Alliance for a New Humanity is an international network of people from all walks of life who want to see positive change take place in the world.  It launched in Puerto Rico on December 11–14, 2003 with keynote speaker, Al Gore, former Vice-President of the United States.  

Its purpose is to connect sensitive individuals into a global human network to lead to the creation of a critical mass that influences national and international policy towards a more compassionate humanity.
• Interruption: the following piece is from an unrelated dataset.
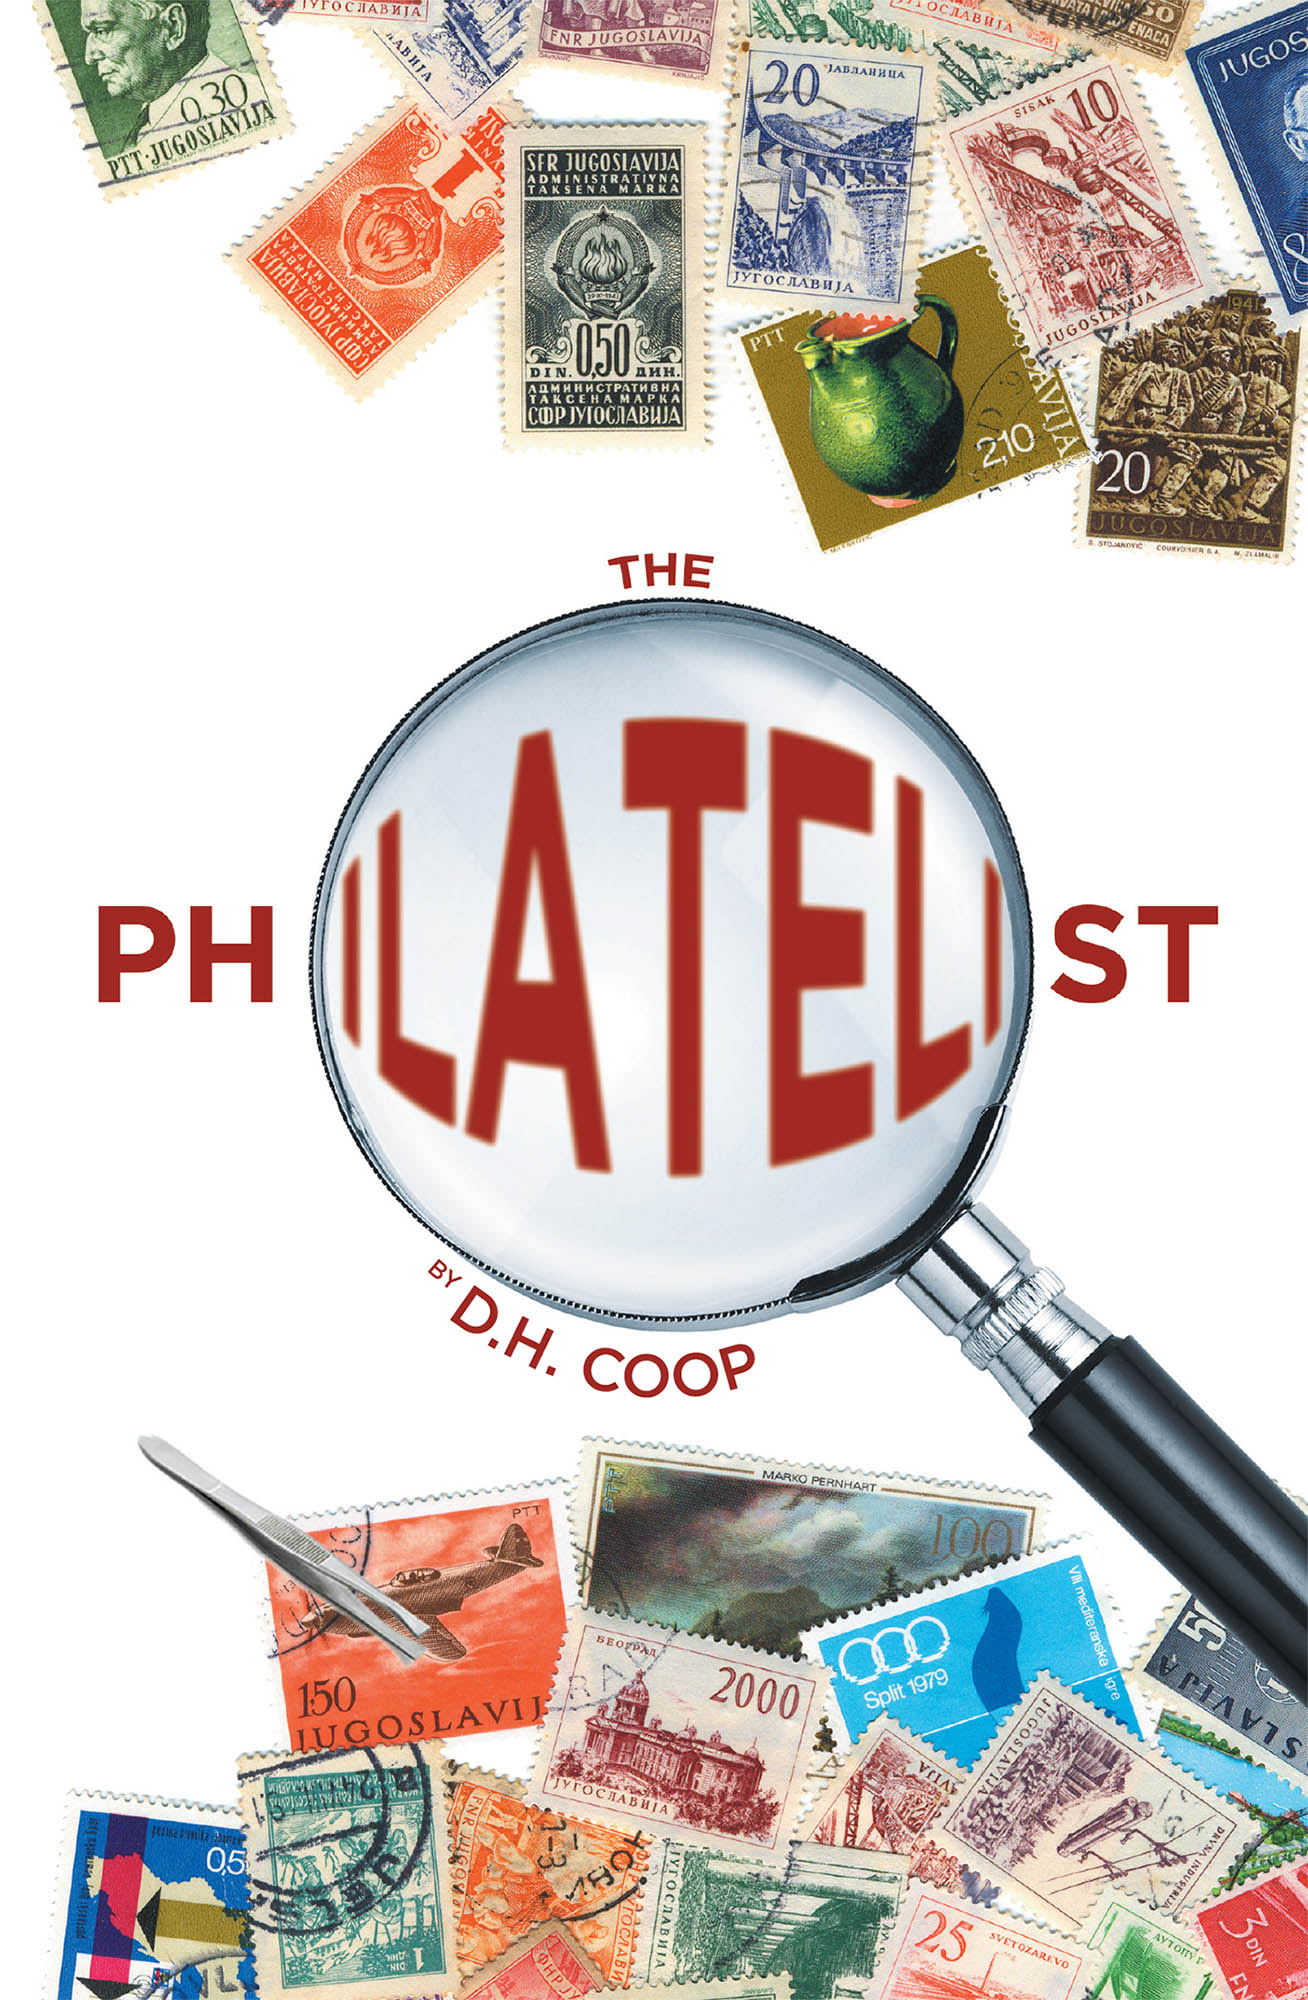 The Philatelist Cover Image

It came to light spontaneously, when individuals from all walks of life, concerned about the dehumanizing trends that prevail in the world, got together to assess the deterioration of human values.  They concluded that this was caused by the accelerating economic and social inequalities, terrorism and wars, social violence, ecological degradation and a generalized spread of social fear, individual frustration and lack of respect for life.

They also concluded that the result of such social conditions has created an indifference to the other, reinforced by the materialistic models adopted as organizing principles of society with their emphasis on selfishness, competition, accumulation, and separateness.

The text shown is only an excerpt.